Published online 2010 June 3. doi:  10.1155/2010/697185
PMCID: PMC2892692

Bispectral Index Changes during Acute Brainstem TIA/Ischemia

Abstract

We describe a 76-year-old patient who suffered a brainstem TIA just before being anesthetised for cardiac surgery. The TIA was registered on BIS and resulted in a drop in BIS to a value of 60. When consciousness returned spontaneously, the BIS increased to 85. The relative use of the BIS during an operation is discussed. We believe that the lack of input from the brainstem to the frontal cortex resulted in the reduced cortical electrical activity as registered with the BIS.

1. Introduction

In cardiac anesthesia BIS monitoring is increasingly used to monitor anesthesia depth as well monitoring cerebral ischemia, which may be particularly important during cardiopulmonary bypass (CPB) [1, 2] and cardiopulmonary resuscitation [3, 4]. We describe a patient who, while being monitored with BIS, suffered a transient ischemic attack (TIA) of the brainstem.

2. Case Report

A 76-year-old man was scheduled for a three-vessel coronary artery grafting (CAG) using CPB.
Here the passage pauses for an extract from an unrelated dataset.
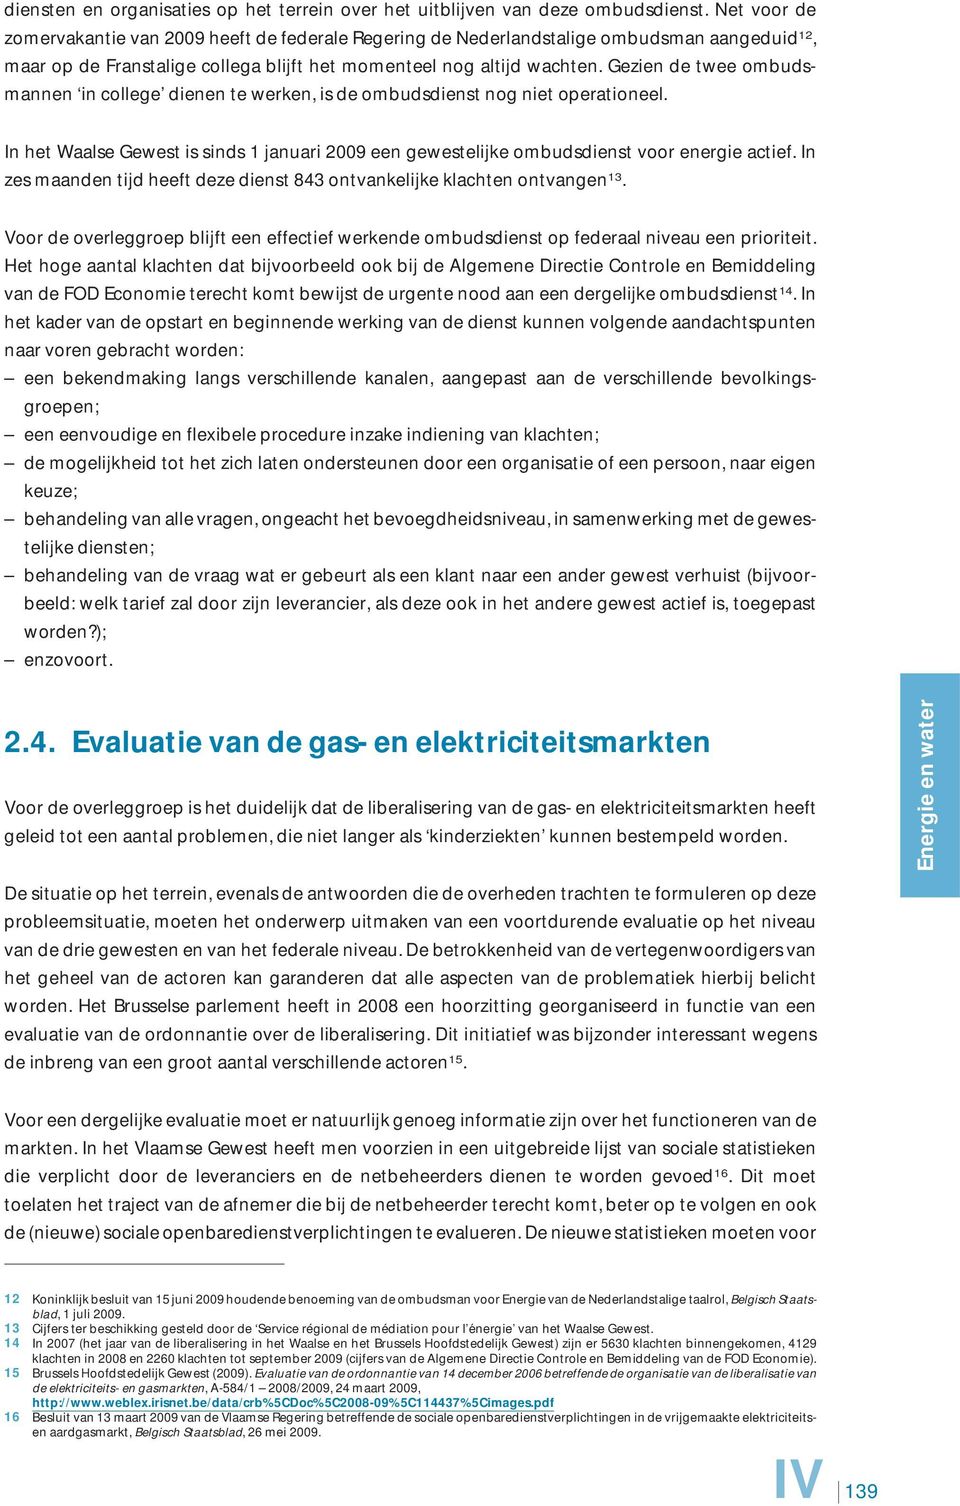 Gezien de twee ombudsmannen in college dienen te werken, is de ombudsdienst nog niet operationeel. In het Waalse Gewest is sinds 1 januari 2009 een gewestelijke ombudsdienst voor energie actief.

His medical history included hypertension, a minor inferior myocardial infarction, amaurosis fugax, surgical resection of a vocal cord carcinoma, and an eyelid correction.

Physical examination showed a 70 kg, 1.69 m tall patient with a blood pressure of 170/70 mmHg and a pulse of 52. A bruit was heard over the heart, both carotid arteries and femoral arteries consistent with an aortic valve sclerosis. Cardiac ultrasound showed a hypokinetic inferior left ventricular wall, a good left and right ventricular function and an aortic valve sclerosis with minor aortic valve insufficiency. Coronary angiogram showed occlusion of the RCA, 90% occlusion of the LAD and 70% occlusion of the RCX. Patient took acetylsalicylic acid, chlortalidone, amlodipine, atorvastatin, metoprolol, isosorbide mononitrate, and isosorbide dinitrate. The patient was scheduled for a coronary bypass and premedicated with paracetamol 1000 mg and midazolam 7.5 mg, orally. Once in the operating theatre the patient was prepared for the operation with an 14 G IV infusion and a 20 G arterial cannula in the left radial artery as well as standard monitoring with a 5 lead ECG, pulsoximetry, and a noninvasive blood pressure band on the right arm. A BIS Quatro Sensor (XP) was placed and the monitor (Aspect Medical Systems, Inc. model A-2000 BIS Monitor) started. During this period the patient was alert and communicative. Without provocation, the patient suddenly complained of dizziness, stopped breathing, became unresponsive, and his eyes deviated upwards en laterally. The BIS monitor then gave its first reading of 60.

We initially ventilated the patient by mask and gave naloxone to rule out an accidental sufentanil bolus. Subsequently the patient was intubated without medication. We requested an emergency neurological consultation. During this period the blood pressure and pulse remained stable at around 170/85 with a pulse of 55.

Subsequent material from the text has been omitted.